Food Business News reports that “a growing number of snack makers in the United States are adding biltong to their product lines or focusing exclusively on biltong production.”
We knew it wasn’t going to be long before the world embraced our favourite meaty tidbit. Could the hype be thanks to Stryve Biltong which took over two American biltong companies that were started by South African expat families? Whatever the reason, we’re happy that it’s getting time to shine. Even Phil Lempert, the ‘supermarket guru’ acknowledged biltong (and South Africa!) on Twitter the other day. How cool?

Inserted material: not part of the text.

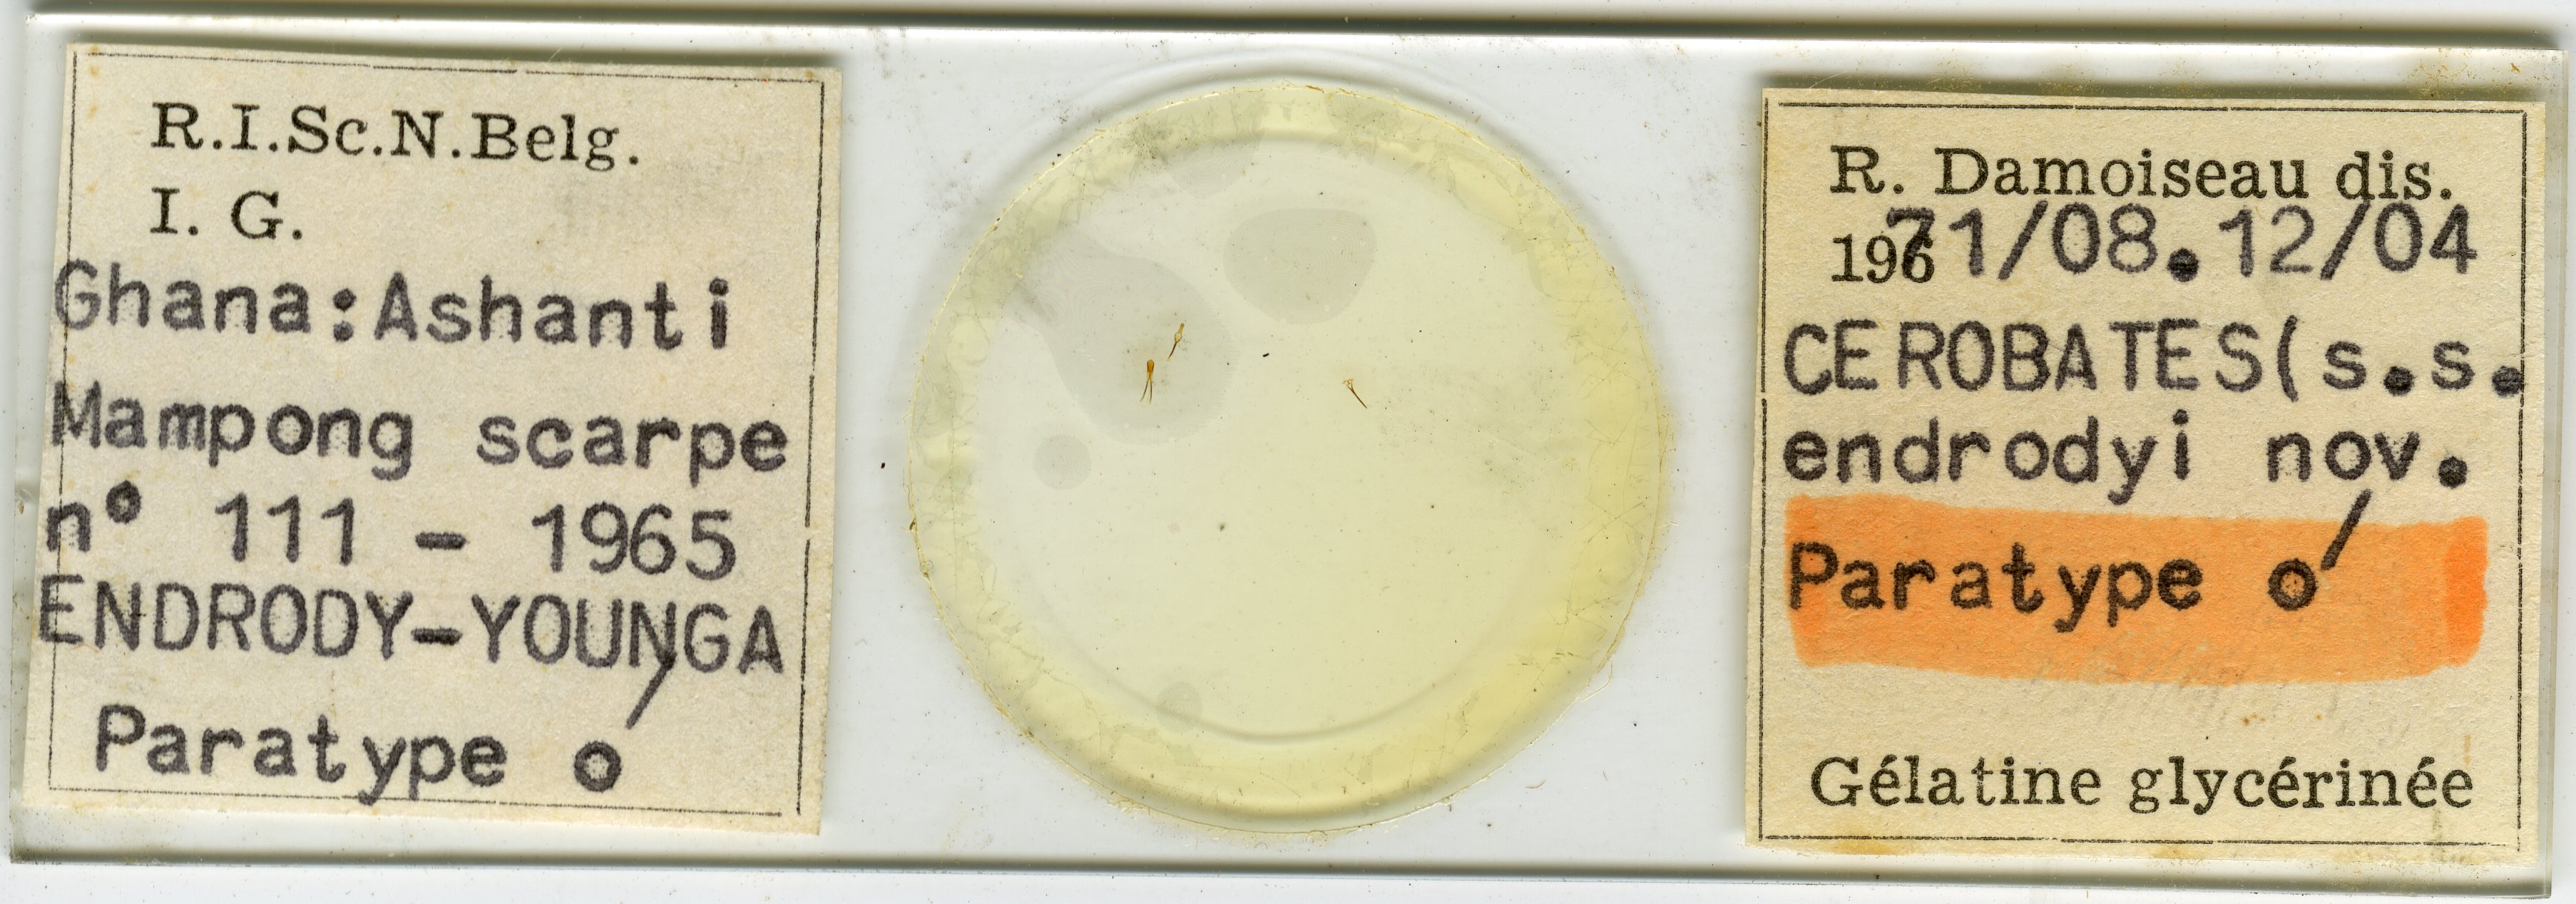 Cerobates (Cerobates) endrodyi pt Microscopic preparation.jpg

Evidently, one of the things that Americans like about biltong is its high protein content – which is about 30g of protein per 100g, making it a go-to option for athletes, bodybuilders, Keto devotees and even just the general Joe wanting to get more protein in his or her diet.

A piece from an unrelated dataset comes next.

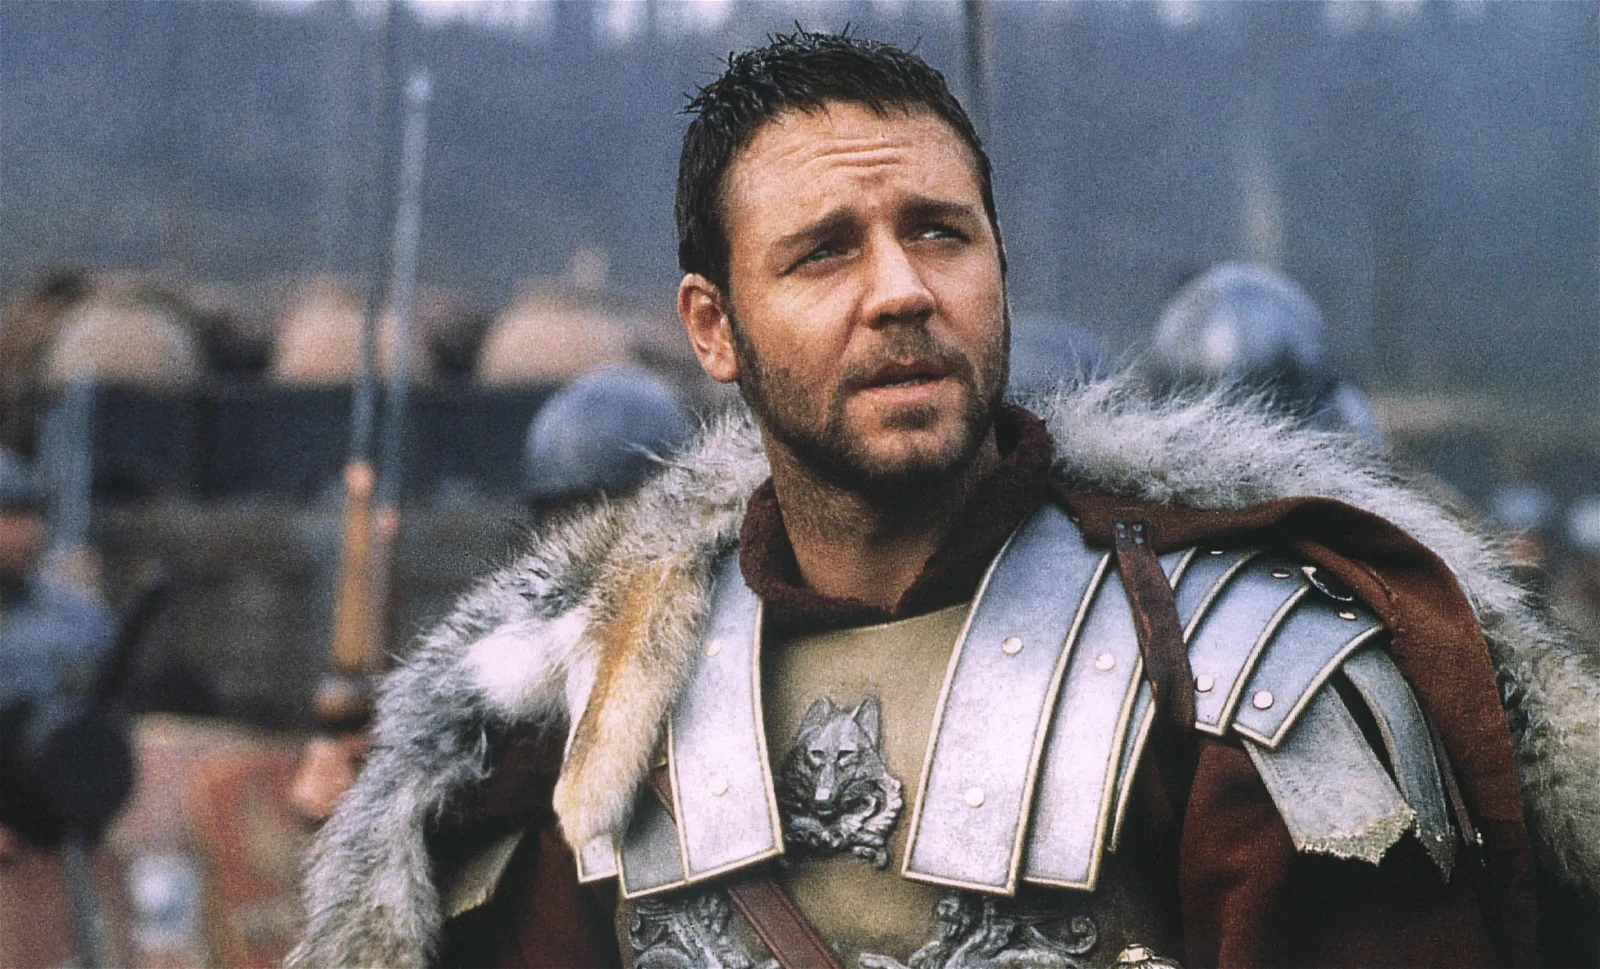 Russel Crowe as Maximus in Gladiator

A Google search will leave you with a rather long list of American biltong producers…but are they any good? I had the chance to taste some in December while I was visiting San Diego and it was spot on. It was called California Biltong, made in the seaside town of Solana Beach. Apparently it’s very popular among the rugby players (a growing sport in the US).
I’m all for biltong being the new ‘it’ food abroad. My only hope is that they don’t adulterate it with something like a ‘chocolate chip cookie dough’ flavour.